Renacida para Convertirse en Reina: El Regreso de la Verdadera Heredera - Capítulo 576
- Inicio
- Renacida para Convertirse en Reina: El Regreso de la Verdadera Heredera
- Capítulo 576 - Capítulo 576: Capítulo 576 ¿Has oído hablar de atraer al enemigo al interior?
Tamaño de Fuente
Tipo de Fuente
Color de Fondo
Capítulo 576: Capítulo 576 ¿Has oído hablar de atraer al enemigo al interior?
La expresión de la Princesa Anyang cambió dramáticamente porque mientras el Sr. Lan hablaba, se movió rápidamente; su cabello negro como la tinta volando, sus ropas ondeando, y al instante estaba detrás de ella, completando el movimiento de cubrirle la boca y apresarle la garganta en un solo y fluido movimiento.

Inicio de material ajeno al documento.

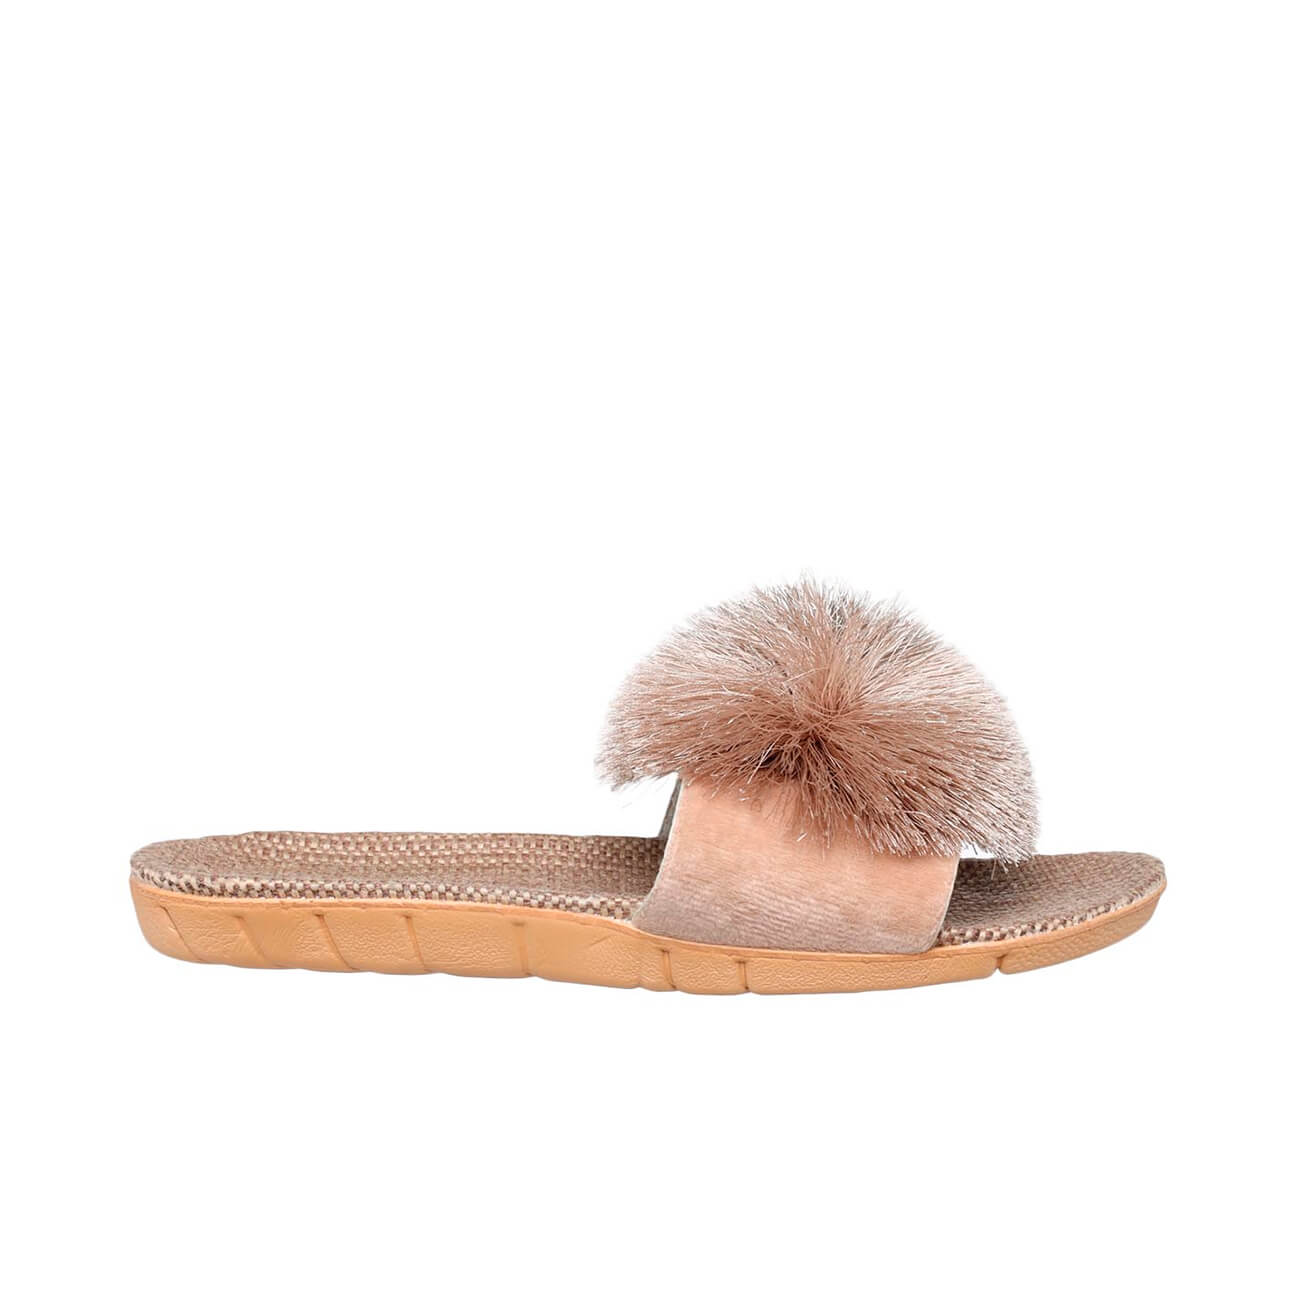 Women's slippers, home, p. 35-36, with pompom, polyester / linen, gray-brown, Pompon изображение № 1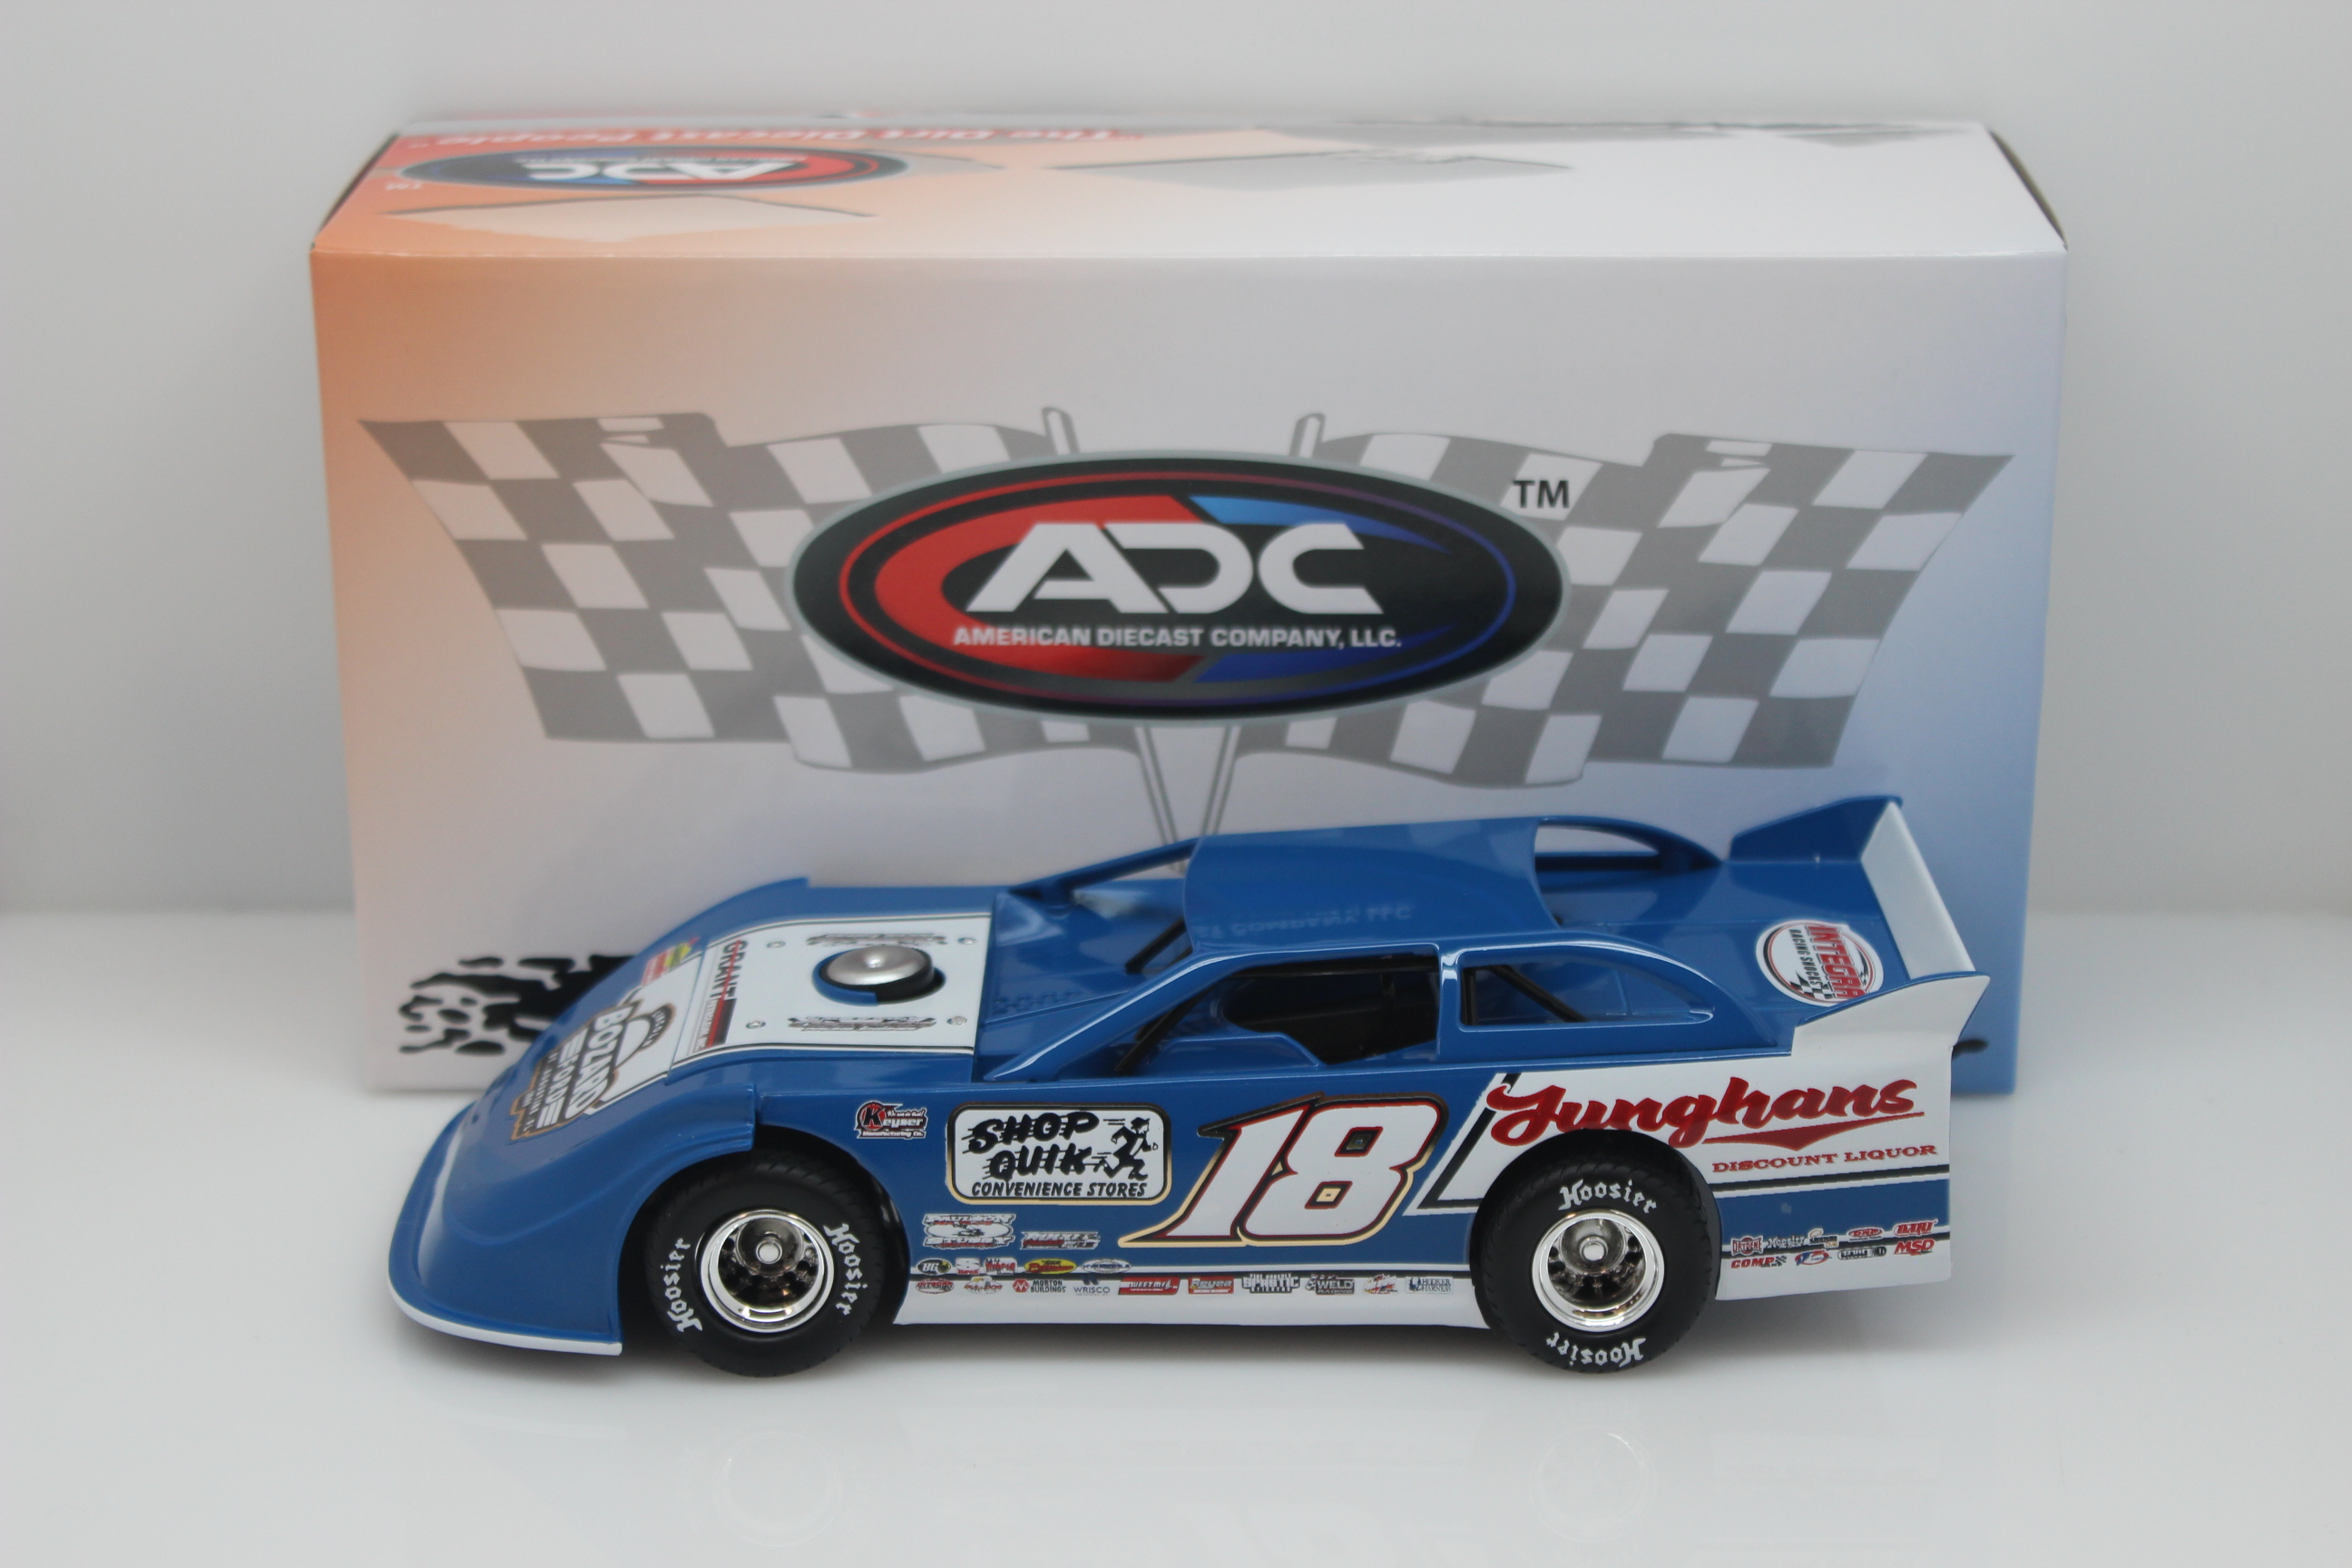 2003 Don O’Neal 71 ADC 1:64 Scale Dirt Late Model Race Car

La Princesa Anyang respiraba aceleradamente, pues gradualmente sentía que su cuerpo se debilitaba, careciendo incluso de la fuerza para resistirse.
Zhan Lan susurró en su oído:
—¿Lo ves? Tu habilidad es demasiado débil ahora. Si alguien quiere matarte, será demasiado fácil.
Un sudor fino apareció en la frente y el cuello de la Princesa Anyang. Quería pedir ayuda, pero Zhan Lan le cubría firmemente la boca, haciendo imposible decir algo.
La voz de Zhan Lan llegó de nuevo:
—Princesa Anyang, si quisiera matarte, sería sin esfuerzo. Pero deberías estar agradecida de que no tenga tales pensamientos.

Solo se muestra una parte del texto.